Title VII and other federal labor laws contain specific deadlines by which an aggrieved person must file an administrative complaint or lawsuit. What happens when the employer and employee agree to shorten those periods in an attempt to quickly bring any open issues to closure? According to last week’s decision from the Fourth Circuit Court of Appeals (which includes North Carolina, South Carolina, and Virginia), employers and employees cannot contractually agree to restrict filing periods established by Congress.
In Thomas v. EOTECH LLC, the plaintiff’s employment agreement contained language requiring her to file any claims or lawsuits relating to her employment within 180 days after the occurrence of any alleged violation. It also required her to waive her right to pursue any actions beyond that time period. After she was terminated, the plaintiff filed a charge of discrimination with a state agency and eventually sued the defendant more than 180 days after her termination. Following the former employer’s motion, the district court dismissed the suit based on the waiver language contained in the employment agreement.
On appeal, the Fourth Circuit reversed this decision, remanding the case to the district court. The court concluded that federal civil rights laws demonstrate that Congress intended to establish specific procedural requirements that strike a balance between the employers’ and employees’ interests. Contractual agreements that alter these filing periods upset that balance, create uncertainty, and violate congressional intent as demonstrated by the statutes’ precise requirements.
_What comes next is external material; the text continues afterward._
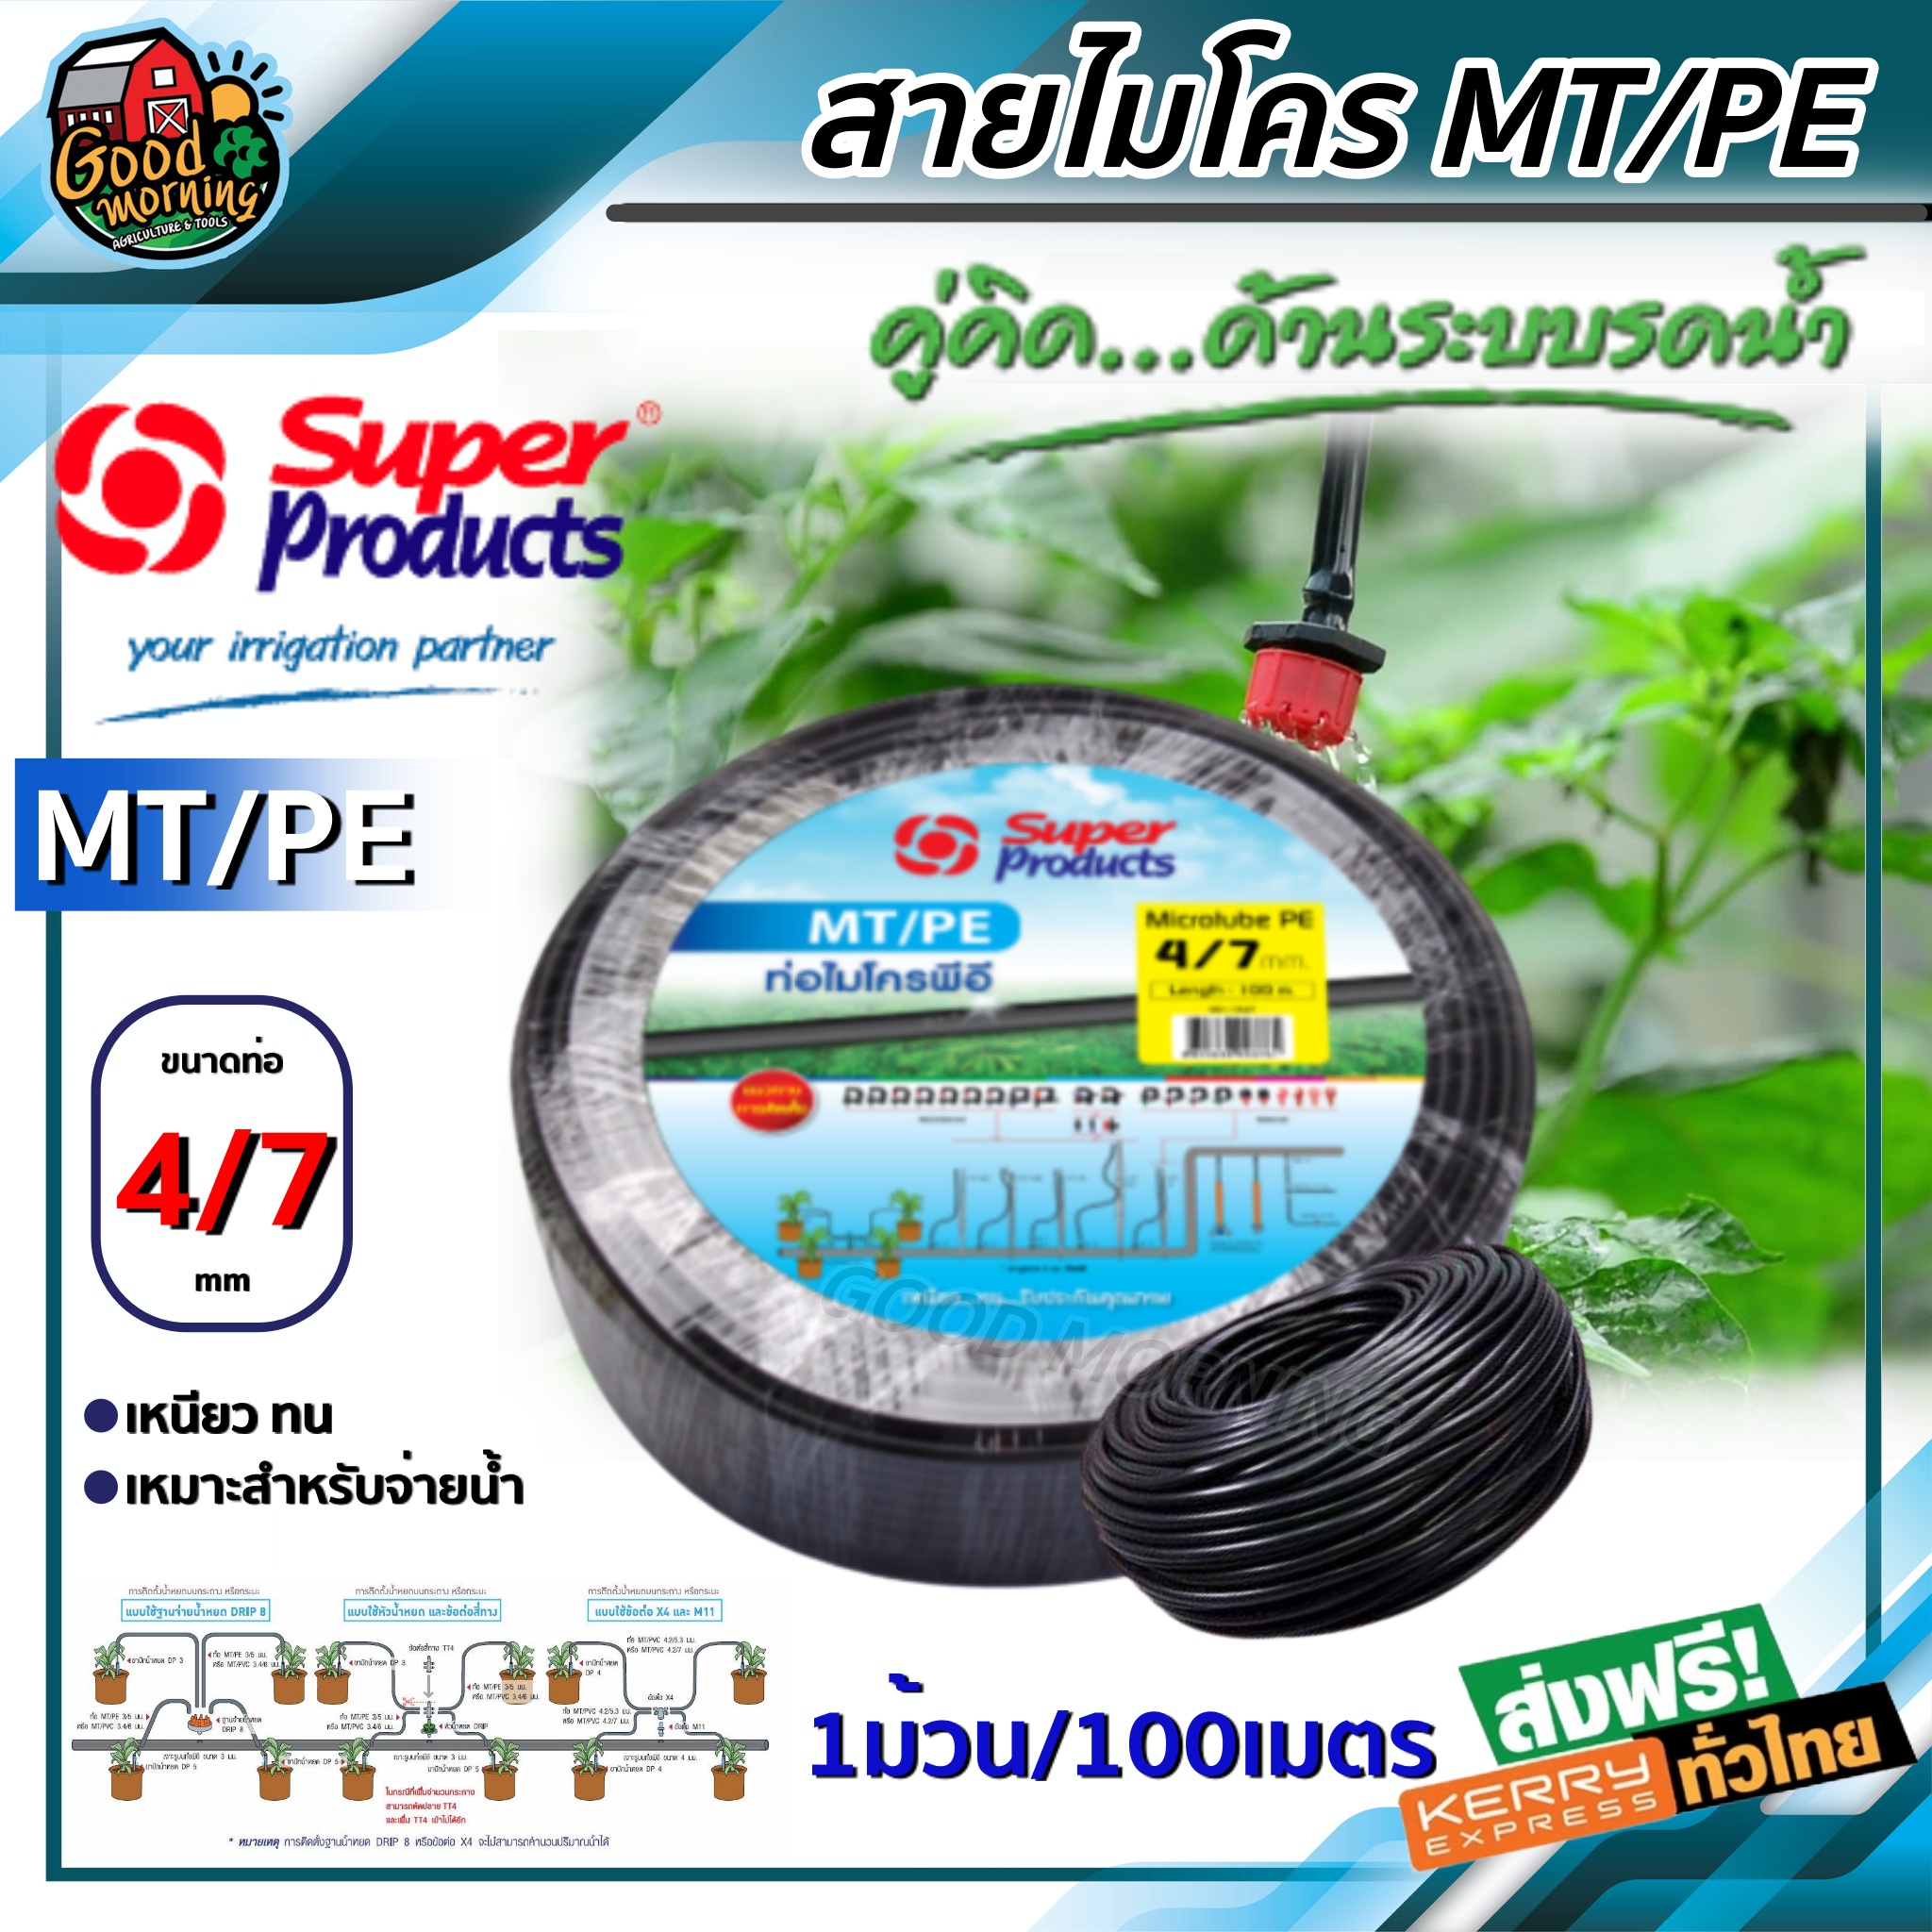 ท่อพีอี SUPER ขนาด 4/7 mm ยาว 100 เมตรเต็ม MT/PE ท่อไมโคร สายไมโคร ท่อPE ท่อพีอี สายพีอี ซุปเปอร์โปรดักซ์ SUPER PRODUCTS ท่อ LDPE ส่งฟรีทั่วไทย เก็บเงินปลายทาง

In a business-to-business context, it is fairly common to see the parties agree by contract to limit the time period for filing claims. The Fourth Circuit may have been concerned that applicants seeking work do not have the same knowledge, sophistication, or bargaining leverage, and they could be coerced by a potential employer to waive or limit their legal rights. The court’s decision is consistent with a previous one by the Sixth Circuit (which includes Tennessee). To date, federal appellate courts have shown little appetite for allowing employers to use employment agreements to restrict statutory protections.